Closed HDembinski closed 4 years ago
It's not too late, although it's getting close. Once the documentation is written, there will be a higher barrier to changing names.
These particular examples don't have Awkward1 equivalents, so there's nothing to do here.
I used to snake_case everything, and there was also a period when I camelCased everything. Most recently, I was encouraged to snake_case only when the words are "really long," which is a subjective assessment. I do have a rough cut-off, based on how hard it is for me to read it. If something is going to be typed often, like a command, I try to pick words that are legible when joined—following what I see in the Python standard library. (The fact that the Python standard library does it is probably why PEP8 doesn't put down a hard rule.) Some examples include ak.withfield
and ak.withname
, ak.fromnumpy
, ak.fromiter
, ak.fromjson
, ak.tonumpy
, ak.tolist
, and ak.tojson
. On the other hand, there's ak.regularize_numpyarray
, which clearly needs the underscore. The ones that I feel can be joined without an underscore are part of a pattern: withX
, fromX
, or toX
, so that we train our eyes to that pattern. If it can't be expressed that way, it becomes a candidate for snake_case.
That was my thought process, anyway.
FWIW pandas uses snake even for from_X and to_X, e.g. https://pandas.pydata.org/pandas-docs/stable/reference/frame.html#serialization-io-conversion
FWIW Ivery much prefer to_X, from_X, etc. ;-).
It sounds like there's a strong consensus on this—I'll tighten my tolerance on acceptability of non-underscored names enough that words like "from", "to", and "with" require underscores and report back with a list of new names. This is about the latest that such a name-change can be done, since the code hasn't really reached users yet. I'll post the updated list of names today.
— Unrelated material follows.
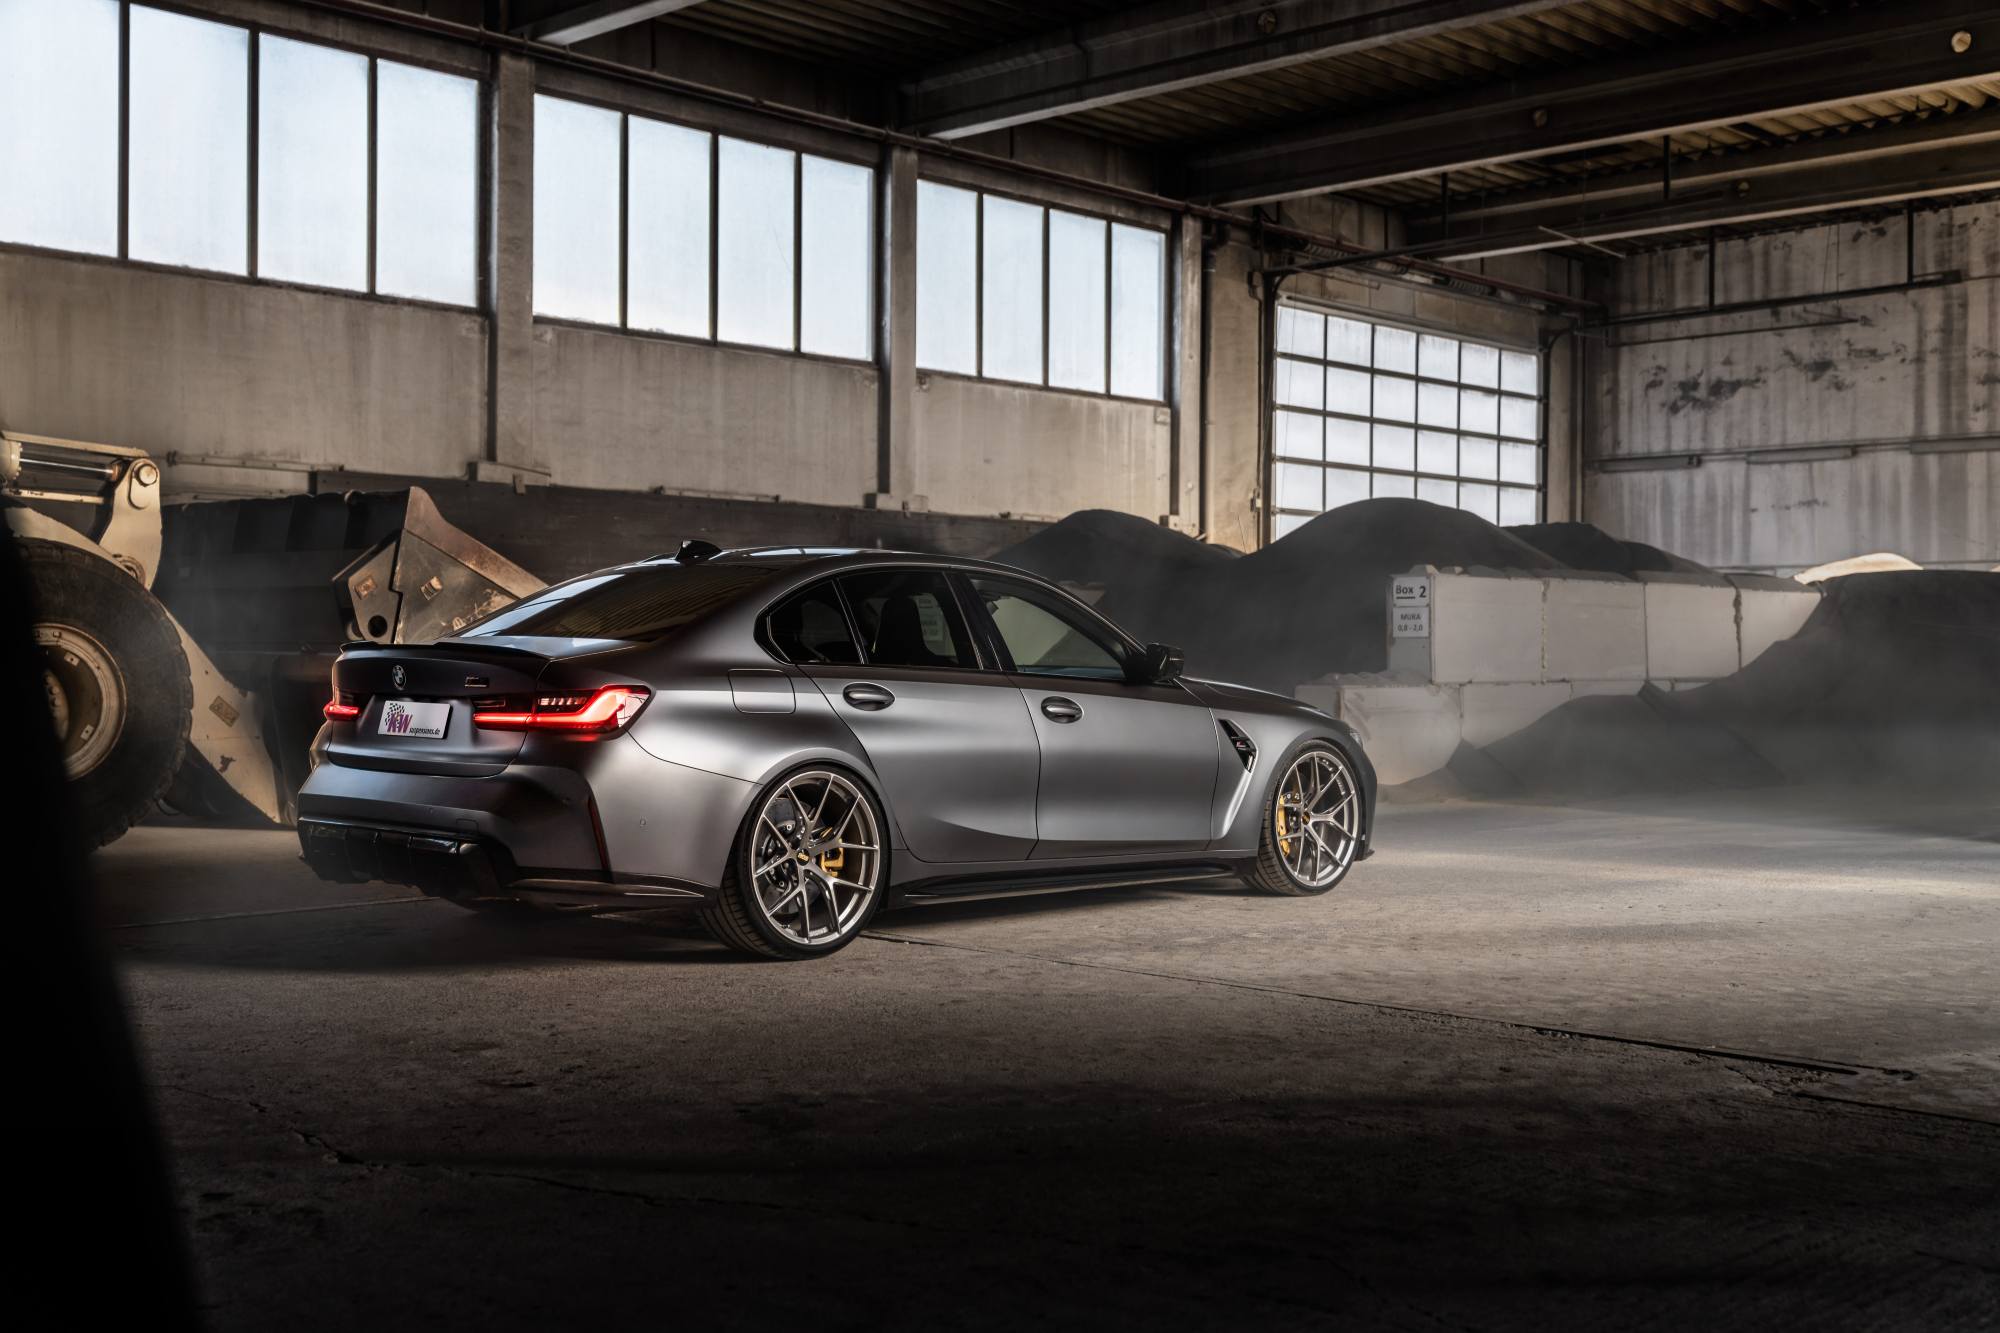 An additional lowering of 20 to 35 millimeters at the front axle and 15 to 30 millimeters at the rear axle of the BMW M4 Coupé (G82) is possible thanks to the KW V3 coilover
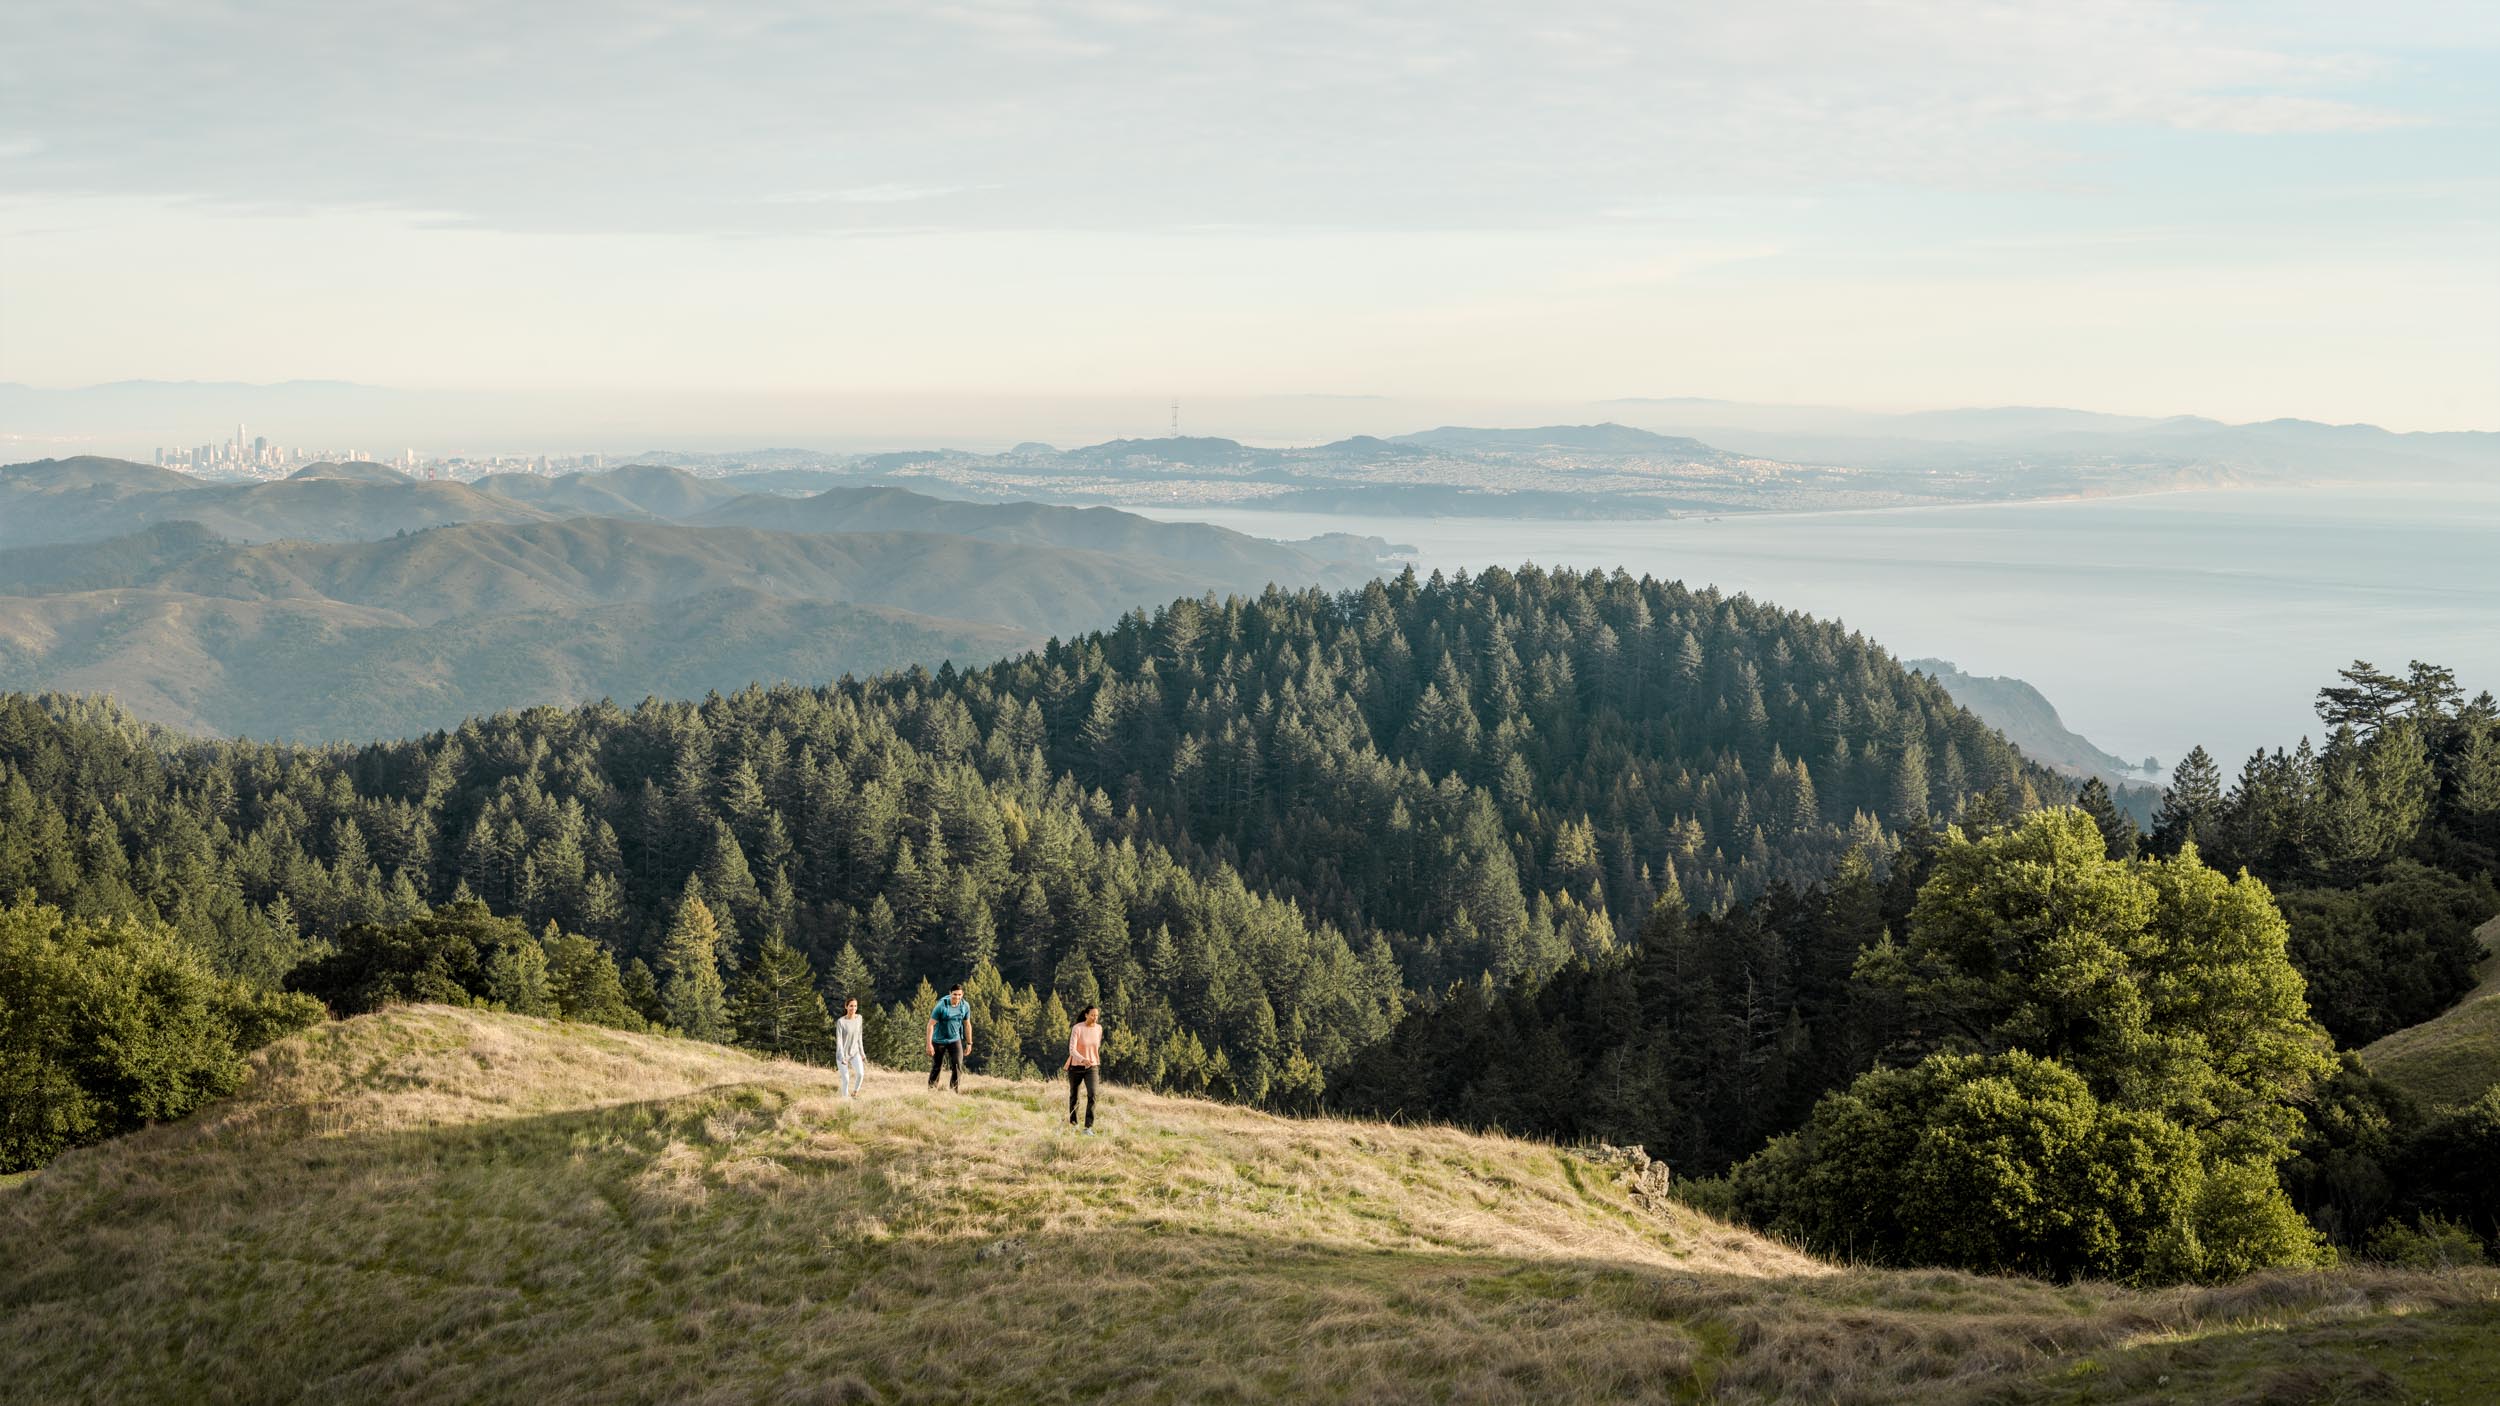 Three hikers walk across a grassy ridge line with a massive view San Francisco and the Pacific Ocean

In https://github.com/scikit-hep/awkward-1.0/pull/194/commits/d125ad78a083af8a29c8ff32167eaeea77458aa8, I changed:
function ak.fromnumpy → ak.from_numpy function ak.fromiter → ak.from_iter function ak.fromjson → ak.from_json function ak.fromawkward0 → ak.from_awkward0 function ak.tonumpy → ak.to_numpy function ak.tolist → ak.to_list function ak.tojson → ak.to_json function ak.tolayout → ak.to_layout function ak.toawkward0 → ak.to_awkward0 function ak.validityerror → ak.validity_error function ak.isvalid → ak.is_valid function ak.withfield → ak.with_field function ak.withname → ak.with_name function ak.tomask → ak.mask function ak.typeof → ak.type parameter checkvalid → check_valid parameter withname → with_name parameter validwhen → valid_when method numbatype → numba_type method beginlist → begin_list method endlist → end_list method begintuple → begin_tuple method endtuple → end_tuple method beginrecord → begin_record method endrecord → end_record
But I didn't change:
function ak.isna function ak.notna function ak.argcross function ak.argchoose method bytestring
You can see the new names in the left-bar of https://awkward-array.readthedocs.io .
Did ak.withname
get missed? I'd also advocate for ak.linear_fit
instead of ak.linearfit
.
withname
got missed, but I noticed it in my current PR and fixed it: with_name
. I also found a few more instances of withfield → with_field
(as a parameter, rather than a function name).
I can do linear_fit
. I'll put it into my current PR.
It's now linear_fit
and mask_identity
: https://github.com/scikit-hep/awkward-1.0/pull/195/commits/43fe180508e6a4addfa596338184a235b95ec1ce (or it will be when scikit-hep/awkward-1.0#195 is done).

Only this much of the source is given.